The distinction matters. A model can be smarter on hard benchmarks while simultaneously feeling worse in production, especially for developers who care about token efficiency, instruction adherence in long sessions, and consistent behavior across simple tasks. Several of the GitHub reports describe exactly this: Opus 4.6 handles complex reasoning well on fresh sessions but degrades faster than its predecessor as context accumulates.

What Anthropic hasn't said

Anthropic has been responsive on individual GitHub issues but hasn't published any kind of post-mortem or public acknowledgment that the model's real-world behavior may differ from its benchmark performance. Product lead Lydia Hallie acknowledged the usage limit issues on X, and Anthropic's Reddit account called it a "top priority." But as one frustrated user pointed out, there's been no blog post, no email to subscribers, and no status page entry covering the behavioral complaints (as opposed to pure outages).

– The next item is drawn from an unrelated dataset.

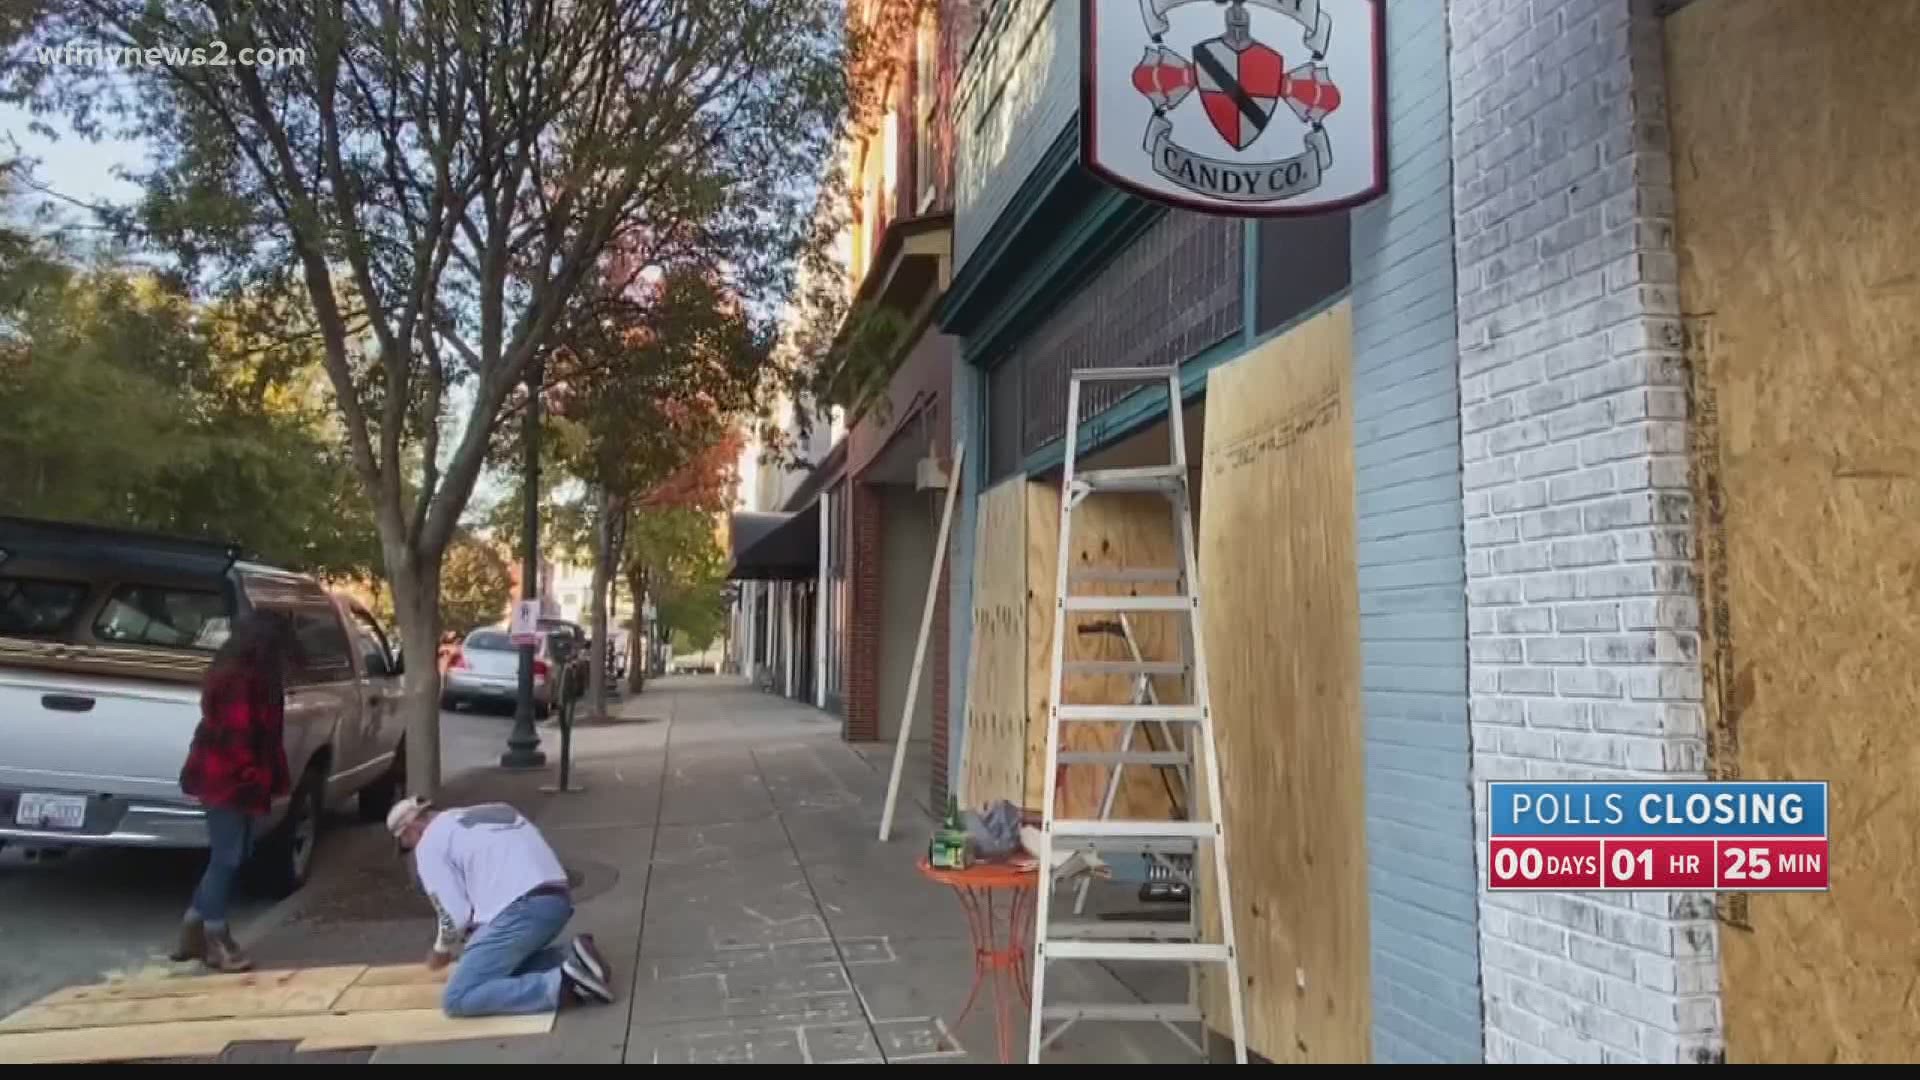 Several businesses boarded up their windows before polls closed on election night. One business owner said it’s a precaution after the George Floyd riots in May.

The silence feeds conspiracy theories. One recent GitHub issue accused Anthropic of deliberately degrading Opus to make the upcoming Mythos model look better by comparison. That's almost certainly wrong, but the fact that paying customers are reaching for that explanation says something about the trust gap.

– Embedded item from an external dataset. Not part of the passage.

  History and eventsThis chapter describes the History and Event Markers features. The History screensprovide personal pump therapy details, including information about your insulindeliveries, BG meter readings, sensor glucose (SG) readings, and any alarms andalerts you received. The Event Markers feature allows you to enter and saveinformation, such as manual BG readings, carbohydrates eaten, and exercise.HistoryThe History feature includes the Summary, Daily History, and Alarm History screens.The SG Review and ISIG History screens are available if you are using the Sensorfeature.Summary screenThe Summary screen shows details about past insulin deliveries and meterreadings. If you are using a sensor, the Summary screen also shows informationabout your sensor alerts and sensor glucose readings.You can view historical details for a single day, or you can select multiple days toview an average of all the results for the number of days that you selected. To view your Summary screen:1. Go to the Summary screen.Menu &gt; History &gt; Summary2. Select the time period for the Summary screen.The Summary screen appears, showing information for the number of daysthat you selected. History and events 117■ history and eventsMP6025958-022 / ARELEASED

Anthropic corrected some of its own benchmark claims after launch: a small downward adjustment to its Humanity's Last Exam score (from 53.1% to 53.0%) and a reduction in BrowseComp numbers after an eval-awareness review. These are tiny changes, but they add texture to a narrative where users already feel the model isn't living up to its billing.

What happens next

Anthropic has a concrete problem on its hands. The prompt-caching bugs in Claude Code appear to have a fix path (the downgrade workaround suggests the regression is well-bounded). The service stability issues have been addressed incident by incident. But the harder question, whether Opus 4.6's default behavior in long coding sessions constitutes a meaningful regression from 4.5, doesn't have a status-page fix.

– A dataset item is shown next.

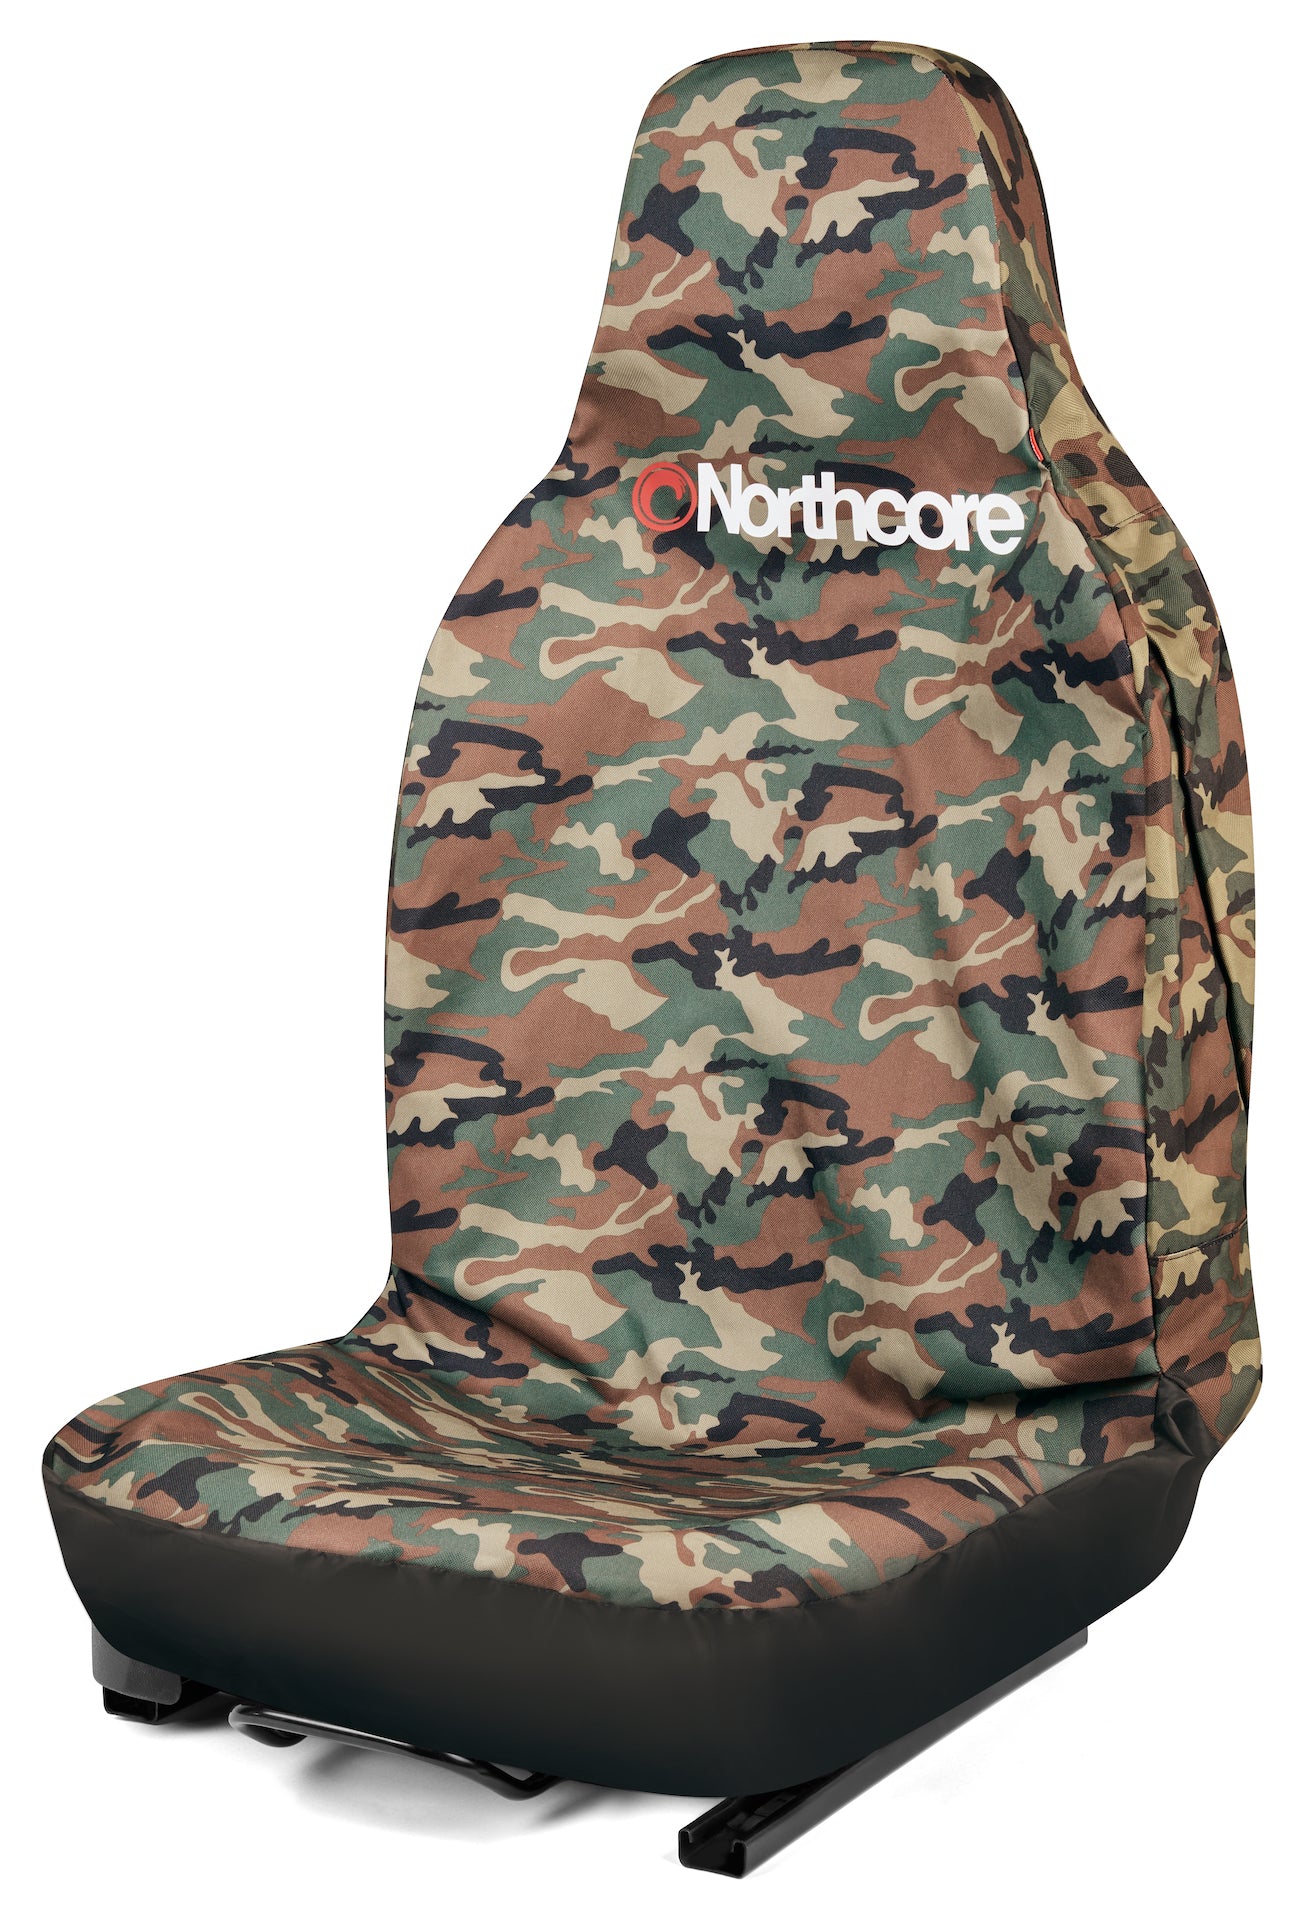 Northcore Water Resistant Single Car Seat Cover Camo - Boards360

The launch blog post promised that Opus 4.6 "stays productive over longer sessions" and "performs markedly better than its predecessors" on context tasks. Right now, a meaningful number of the model's most dedicated users are telling Anthropic the opposite. Whether that's a model problem, an infrastructure problem, or a context-management problem that falls between the two, the company hasn't yet said.